To give you an example:

[Tue May 23 09:32:21 2023] [UFW BLOCK] IN=eth0 OUT= MAC=MAC_ADDRESS_A SRC=IP_ADDRESS_A DST=SERVER_IP LEN=40 TOS=0x00 PREC=0x00 TTL=248 ID=54321 PROTO=TCP SPT=34909 DPT=40930 WINDOW=65535 RES=0x00 SYN URGP=0
[Tue May 23 09:32:22 2023] [UFW BLOCK] IN=eth0 OUT= MAC=MAC_ADDRESS_A SRC=IP_ADDRESS_A DST=SERVER_IP LEN=40 TOS=0x00 PREC=0x00 TTL=248 ID=54321 PROTO=TCP SPT=43093 DPT=40942 WINDOW=65535 RES=0x00 SYN URGP=0
[Tue May 23 09:32:29 2023] [UFW BLOCK] IN=eth0 OUT= MAC=MAC_ADDRESS_A SRC=IP_ADDRESS_B DST=SERVER_IP LEN=40 TOS=0x00 PREC=0x00 TTL=249 ID=57687 PROTO=TCP SPT=42801 DPT=3350 WINDOW=1024 RES=0x00 SYN URGP=0
[Tue May 23 09:32:35 2023] [UFW BLOCK] IN=eth0 OUT= MAC=MAC_ADDRESS_A SRC=IP_ADDRESS_C DST=SERVER_IP LEN=40 TOS=0x00 PREC=0x00 TTL=54 ID=61548 PROTO=TCP SPT=21721 DPT=23 WINDOW=43065 RES=0x00 SYN URGP=0
[Tue May 23 09:32:59 2023] [UFW BLOCK] IN=eth0 OUT= MAC=MAC_ADDRESS_A SRC=IP_ADDRESS_D DST=SERVER_IP LEN=44 TOS=0x00 PREC=0x00 TTL=114 ID=0 PROTO=TCP SPT=50293 DPT=1023 WINDOW=29200 RES=0x00 SYN URGP=0

Identifiers are anonymised but if they are the same the have the same reference.

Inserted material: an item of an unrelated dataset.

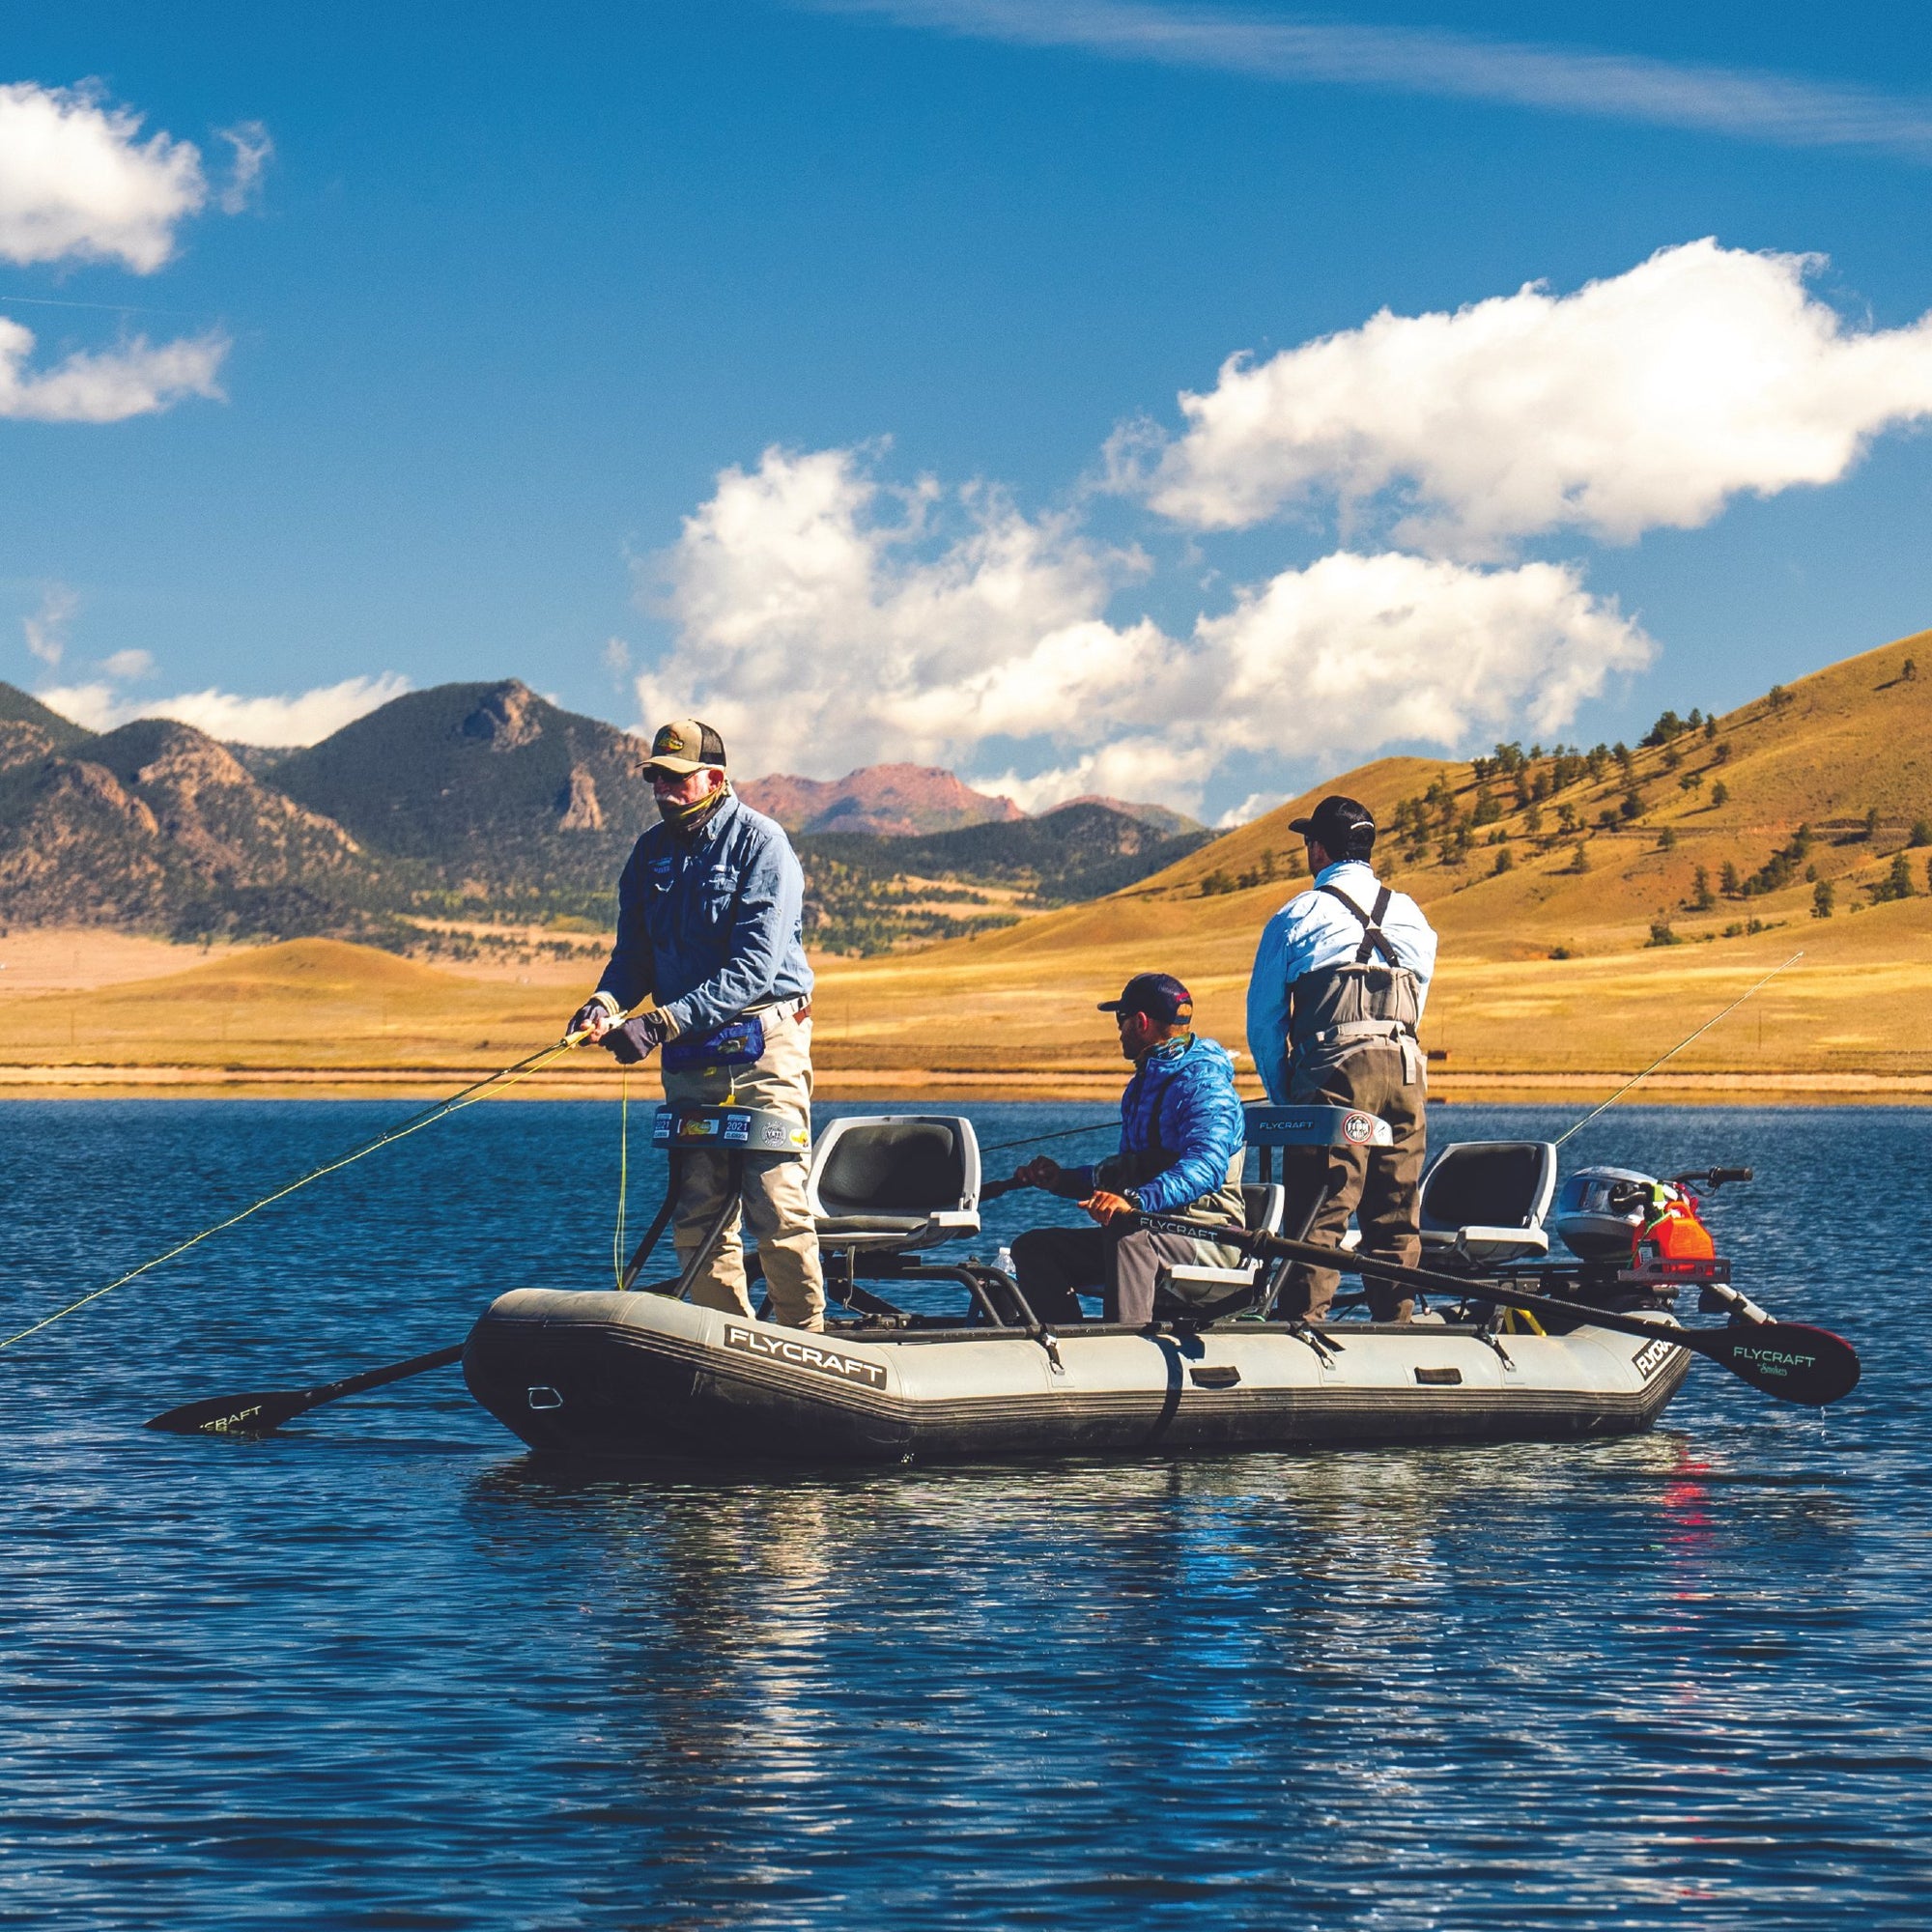 Flycraft’s Inflatable Fishing Boat: Guide Base Package (3-Man)

We do use Cloudflare but just as an SSL/domain provider and cache. Unfortunately I’m not in charge of that so before digging further in that direction I’d like to exhaust other possibilities.

I’ve added an uptime check via blackbox exporter that point to the domain to see if there is any downtime detected.

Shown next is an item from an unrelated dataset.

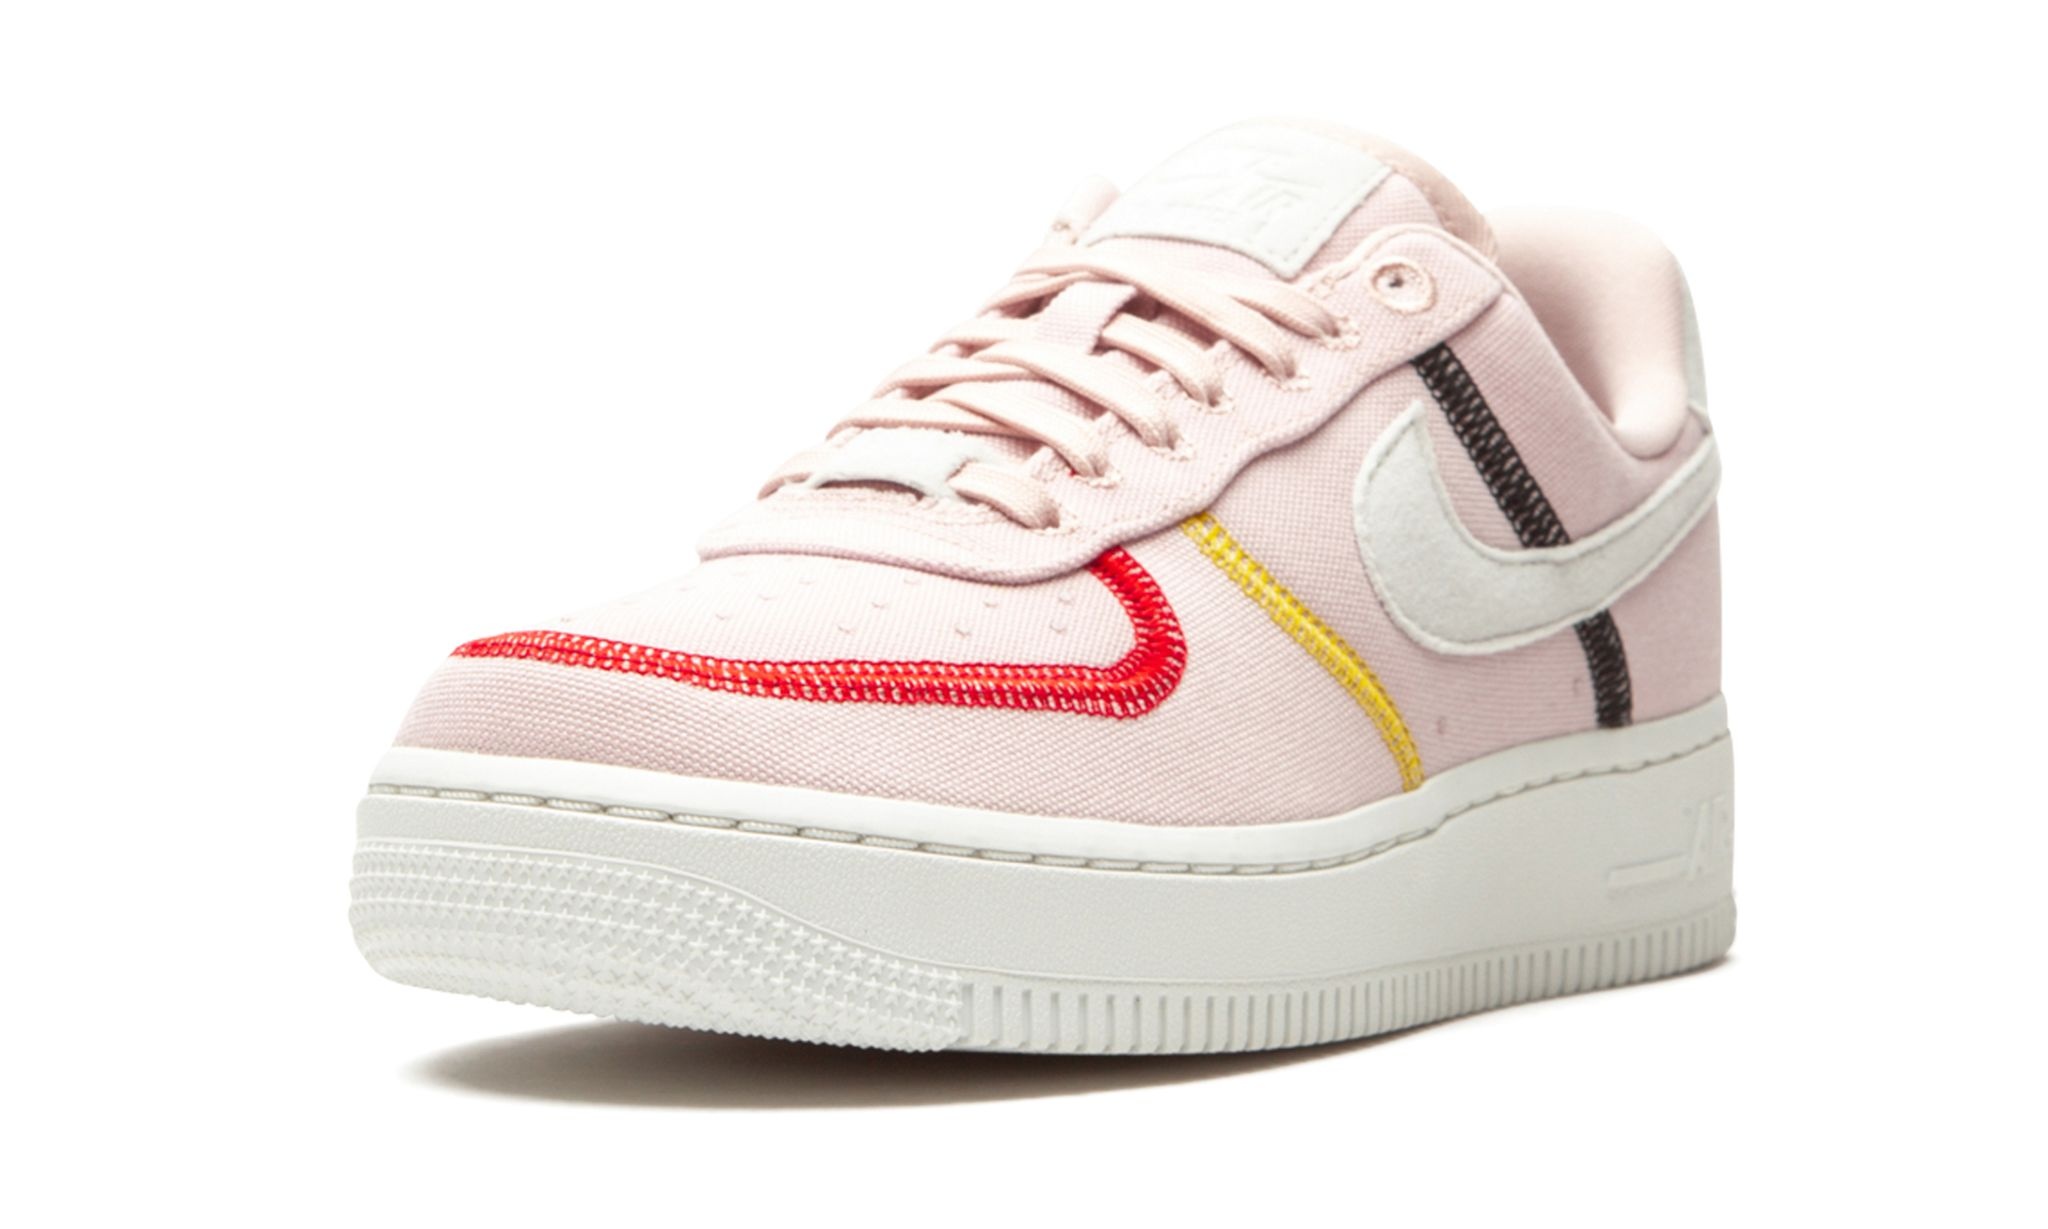 WMNS Air Force 1 "07 LX "Stitched Canvas - Silt Red" - 4

Yes, similar for me. The only ones we care about, I think, are to ports 80 and 443. Perhaps try
dmesg | egrep "DPT=80 |DPT=443 " | egrep PROTO=TCP
and it’s quite likely there’ll be nothing there. But if there is, that may mean the firewall is blocking access to discourse.

Yep, nothing for me too.

Anyway, judging by the monitoring, it seems like the container is up at all time and the home page as well but it’s literally the app not responding to requests and the fact that there is noData period in those charts confirm that theory to be honest. What that means is that the home page would probably load (it’s the category for us) as it’s cached by cloudflare, but then browsing simply goes in timeout requests.

Last 24h

image

I’ll try and add a new uptime check on the /latest page that is most probably not cacheable due to the content being nearly-constantly changing.

CloudFlare shouldn’t be caching any of your pages. Discourse is an app, not a website.

1 Like

These outages are around an hour or more, and clustered around midnight - does that match your observations?